La conférence qui nous réunit aujourd’hui nous invite à tirer les enseignements de la crise économique et financière mondiale qui a suivi la faillite de la banque Lehman Brothers, il y a trois ans.
Selon l’aphorisme célèbre, Michel de Montaigne se demandait : « Que sais-je ? ». C’est une bonne question pour aujourd’hui ! Que savons-nous des origines de la crise et des solutions pour en éviter la résurgence à l’avenir ? Face à cette question, il importe de suivre Montaigne et de garder à l’esprit que l’analyse des événements survenus ces trois dernières années est toujours en cours. À l’heure actuelle, nous ignorons toujours bien des choses.

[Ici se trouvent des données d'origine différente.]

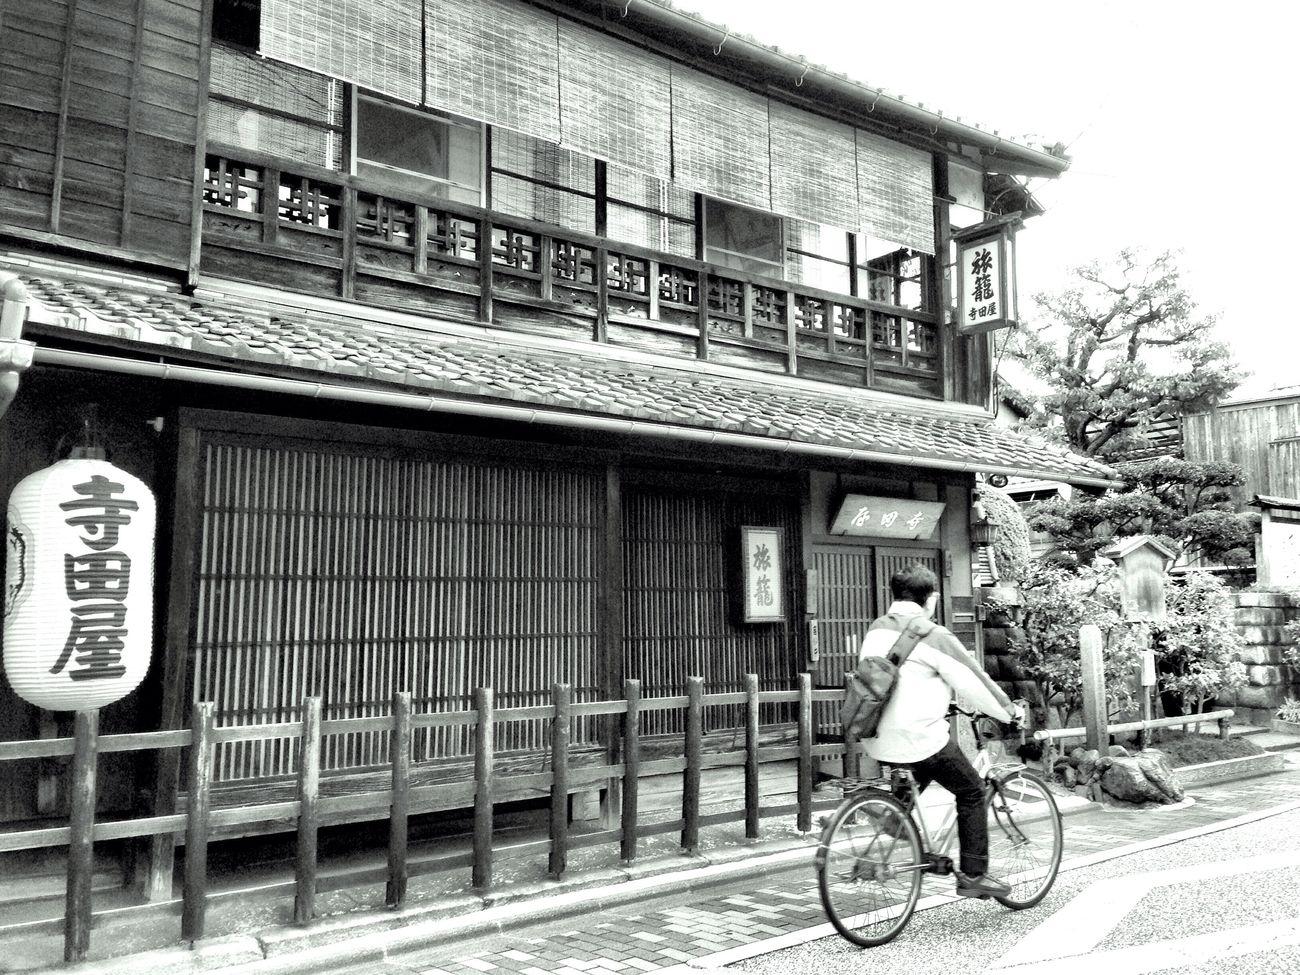 Terada-ya Port-inn Sakamoto Ryoma 寺田屋 モノクロ Kyoto, Japan One Person

Il n’en existe pas moins, à mon sens, un large consensus sur les origines de la crise, de même que sur certains remèdes visant à en éviter la répétition. Il est établi, par exemple, qu’elle aurait été résolue plus tôt si des réponses plus rapides avaient été apportées à des faiblesses majeures dans les sphères financière et budgétaire.
La genèse de la crise est bien connue. Elle a commencé en août 2007 sous la forme de tensions sur le marché interbancaire, sur lequel les institutions financières se prêtent de la liquidité. Ces tensions ont culminé avec la faillite de Lehman Brothers en septembre 2008. Elles se sont également traduites par une perte de confiance généralisée au sein de l’économie mondiale et une profonde récession en 2009. Cette crise économique et financière a ensuite pesé lourdement sur les finances publiques de nombreuses économies avancées. A partir de 2010 certains pays dont la fragilité de la situation budgétaire et les faiblesses structurelles étaient avérées dès avant la crise ont fait l’objet d’une attention accrue des marchés. Et, cet été, les tensions affectant les marchés de la dette souveraine se sont propagées à d’autres pays.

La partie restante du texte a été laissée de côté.